Turns out vercel overwrites the cors settings you put anywhere outside the json. It's not possible to mix a headers array and routes array in the same file. But you can just put a header inside the routes. Dont forget the methods, particularly the options, since it apparently converts many requests into an options request.

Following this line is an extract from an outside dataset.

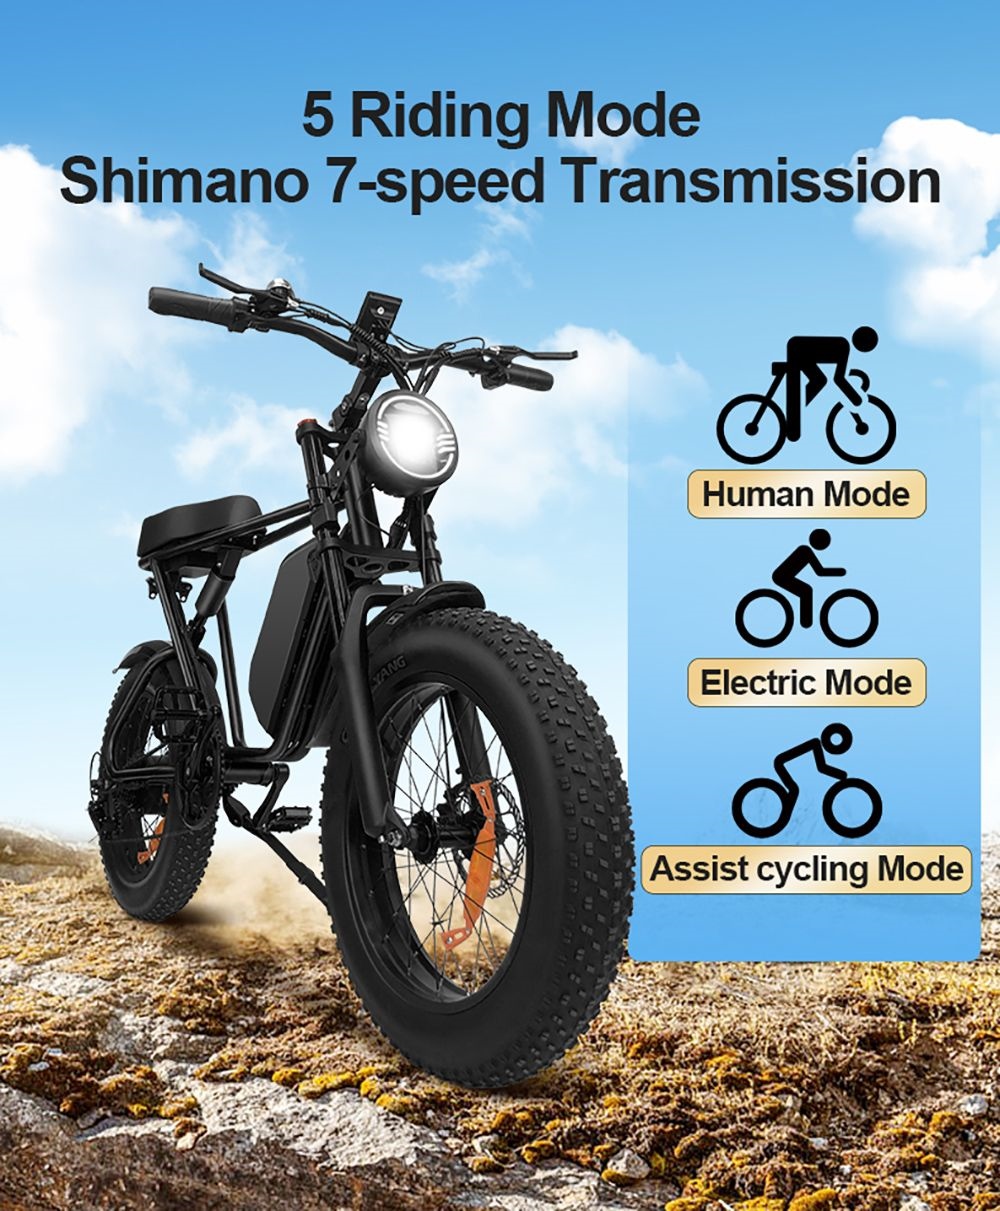 Q8 off-road elektrische fiets, 20 * 4 inch dikke band 1000 W motor 48 V 17.5 Ah batterij 55 km / u maximale snelheid 70 km maximaal bereik

Papotto answered 2/5, 2023 at 22:51 Comment(2)
a lifesaver and timesaver indeed. Putting the headers in routes did the trick for meGossoon
You are my hero today!Tortuga
K
1

The header has to be its own key for specifying access-control-allow-origin and "routes" will need to be replaced with "rewrite" as header and route keys don't go together. And If there are few different domains for your app, header object needs to be duplicated within the outer header array for each domain for access control origin issue. https://vercel.com/docs/project-configuration Eg:

{
    "version": 2,
    "builds": [
        {
            "src": "./index.py",
            "use": "@vercel/python"
        }
    ],
    "rewrites": [
        { "source": "/(.*)", "destination": "src/app.js" }
    ],
    "headers": [
        {
          "source": "/(.*)",
          "headers": [
            { "key": "Access-Control-Allow-Origin", "value": "*" }
          ]
        },
        {
          "source": "/vercel_app_domain_name/(.*)",
          "headers": [
            { "key": "Access-Control-Allow-Origin", "value": "*" }
          ]
        }  
    ]
}
Kinematics answered 17/1, 2023 at 20:23 Comment(0)
M
1

I had luck using this in my vercel.json

{
  "version": 2,
  "builds": [
    {
      "src": "./index.js",
      "use": "@vercel/node"
    }
  ],

  "headers": [
    {
      "source": "/(.*)",
      "headers": [
        { "key": "Access-Control-Allow-Credentials", "value": "true" },
        { "key": "Access-Control-Allow-Origin", "value": "*" },
        {
          "key": "Access-Control-Allow-Methods",
          "value": "GET,OPTIONS,PATCH,DELETE,POST,PUT"
        },
        {
          "key": "Access-Control-Allow-Headers",
          "value": "X-CSRF-Token, X-Requested-With, Accept, Accept-Version, Content-Length, Content-MD5, Content-Type, Date, X-Api-Version"
        }
      ]
    }
  ]
}
Mattiematting answered 9/5 at 3:50 Comment(1)
Can you explain what it does compared to OP configuration?Ethridge
Y
-1

add this to your Vercel configuration:

{
  "headers": [
    {
      "source": "/api/(.*)",
      "headers": [
        { "key": "Access-Control-Allow-Credentials", "value": "true" },
        { "key": "Access-Control-Allow-Origin", "value": "*" },
        { "key": "Access-Control-Allow-Methods", "value": "GET,OPTIONS,PATCH,DELETE,POST,PUT" },
        { "key": "Access-Control-Allow-Headers", "value": "X-CSRF-Token, X-Requested-With, Accept, Accept-Version, Content-Length, Content-MD5, Content-Type, Date, X-Api-Version" }
      ]
    }
  ]
}
Yamauchi answered 11/3, 2022 at 7:9 Comment(1)
I already tried this also but the deployment failedTrave
M
-1

For my scenario (axios + POST + json over http in dev environment), the root cause was 'Content-Type':'application/json' is NOT supported for POST CORS.
See https://developer.mozilla.org/en-US/docs/Web/HTTP/CORS

The solution is to JSON.stringify() request payload with header 'Content-Type': 'text/plain' .
I still needed the additional headers in vercel.json as suggested in other replies, interestingly only in dev as prod was fine.